The Total Operations Processing System (TOPS) classification is a computerised numbering system used by British railways that dates back to the early 1970s. TOPS helped to identify the different types of rail cars that include locomotives and every type of coach car. It divides them into the categories of electric or diesel with differentiation between their hauling power and capacities. It replaced the older number system that was created in 1957.

Diesel Locomotives

Based on the TOPS numbering system, diesel locomotives are numbered from one through 69 with the highest number being the most powerful locomotive. They are divided into six types beginning with the first subtype of 01 to 14, which are smaller locomotives with less than 800 horsepower. The five higher types include: Type 1 (numbers 15 to 20 with 800 to 1,000hp), Type 2 (numbers 21 to 31 with 1,001 to 1,499hp), Type 3 (numbers 33 to 37 with 1,500 to 1,999hp), Type 4 (numbers 40 to 53 with 2,000 to 2,999hp) and Type 5 (numbers 55 to 67 with higher than 3,000hp). Class 57 is the only exception with 2,500hp due to its extra hauling power that is equal to a Type 5.

Electric Locomotives

Electric locomotives, based on the TOPS classification are numbered from 70 to 95. They are divided into two categories: DC that are direct current locomotives numbered from 70 to 77, and AC, which are locomotives numbered from 80 to 92 that utilise alternating currents or both AC and DC systems. Locomotives in this classification can also be electro-diesel trains that use an electrified third rail or an internal generator.

Diesel Multiple Units

A diesel multiple unit trains, also known as rail cars, consist of multiple carriages powered by one or more on-board diesel engines. The TOPS numbering system divides them into two overall categories based on transmission and year. Mechanical or hydraulic transmission units numbered in three groups: 100 to 131 for units built between 1956 and 1963, 140 to 144 for units built between 1981 and 1988, and 150 to 180 for units built from 1984 and later.
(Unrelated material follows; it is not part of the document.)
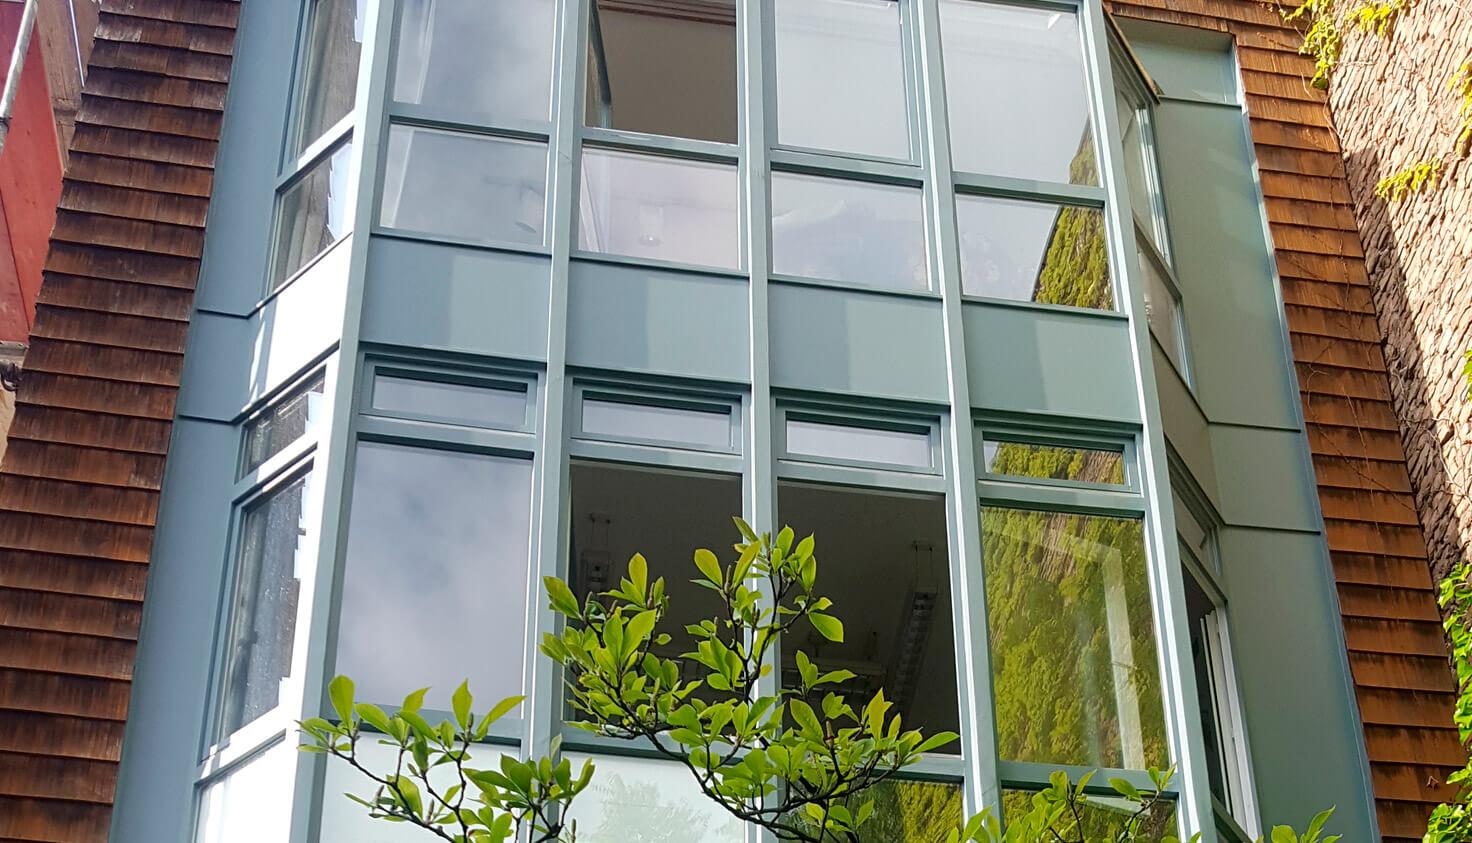 Fenstersanierung Hagelberger Straße - Referenz Malerbetrieb Kluge Berlin

The diesel units with electric transmission are numbered in four groups: 201 to 207 for units built from 1957 to 1962, 210 for the 1981 models, 220 and 221 for units built from 2000 to 2002, and 251 to 254 for units built from 1959 to 1985.

Electric Multiple Units

The electric multiple units are divided into six groups based on electrical source: 302 to 312 for overhead AC models, 313 to 390 for second-generation overhead models, 401 to 438 for third-rail models in the southern region, 442 to 466 for second-generation third-rail models in the southern region, 480 to 499 for third-rail special types in the southern region, and 501 to 508 for either third-rail or overhead models in non-southern regions.


Locomotive-hauled coaches based on the TOPS classification are numbered from one to 99,999 and divided into several common categories: Mark 1 (mail and parcel coaches), Mark 2 (dining cars, standard and first classes coaches), Mark 3 and 4 (sleeping cars, luggage coaches, as well as standard, first-class, and dining coaches).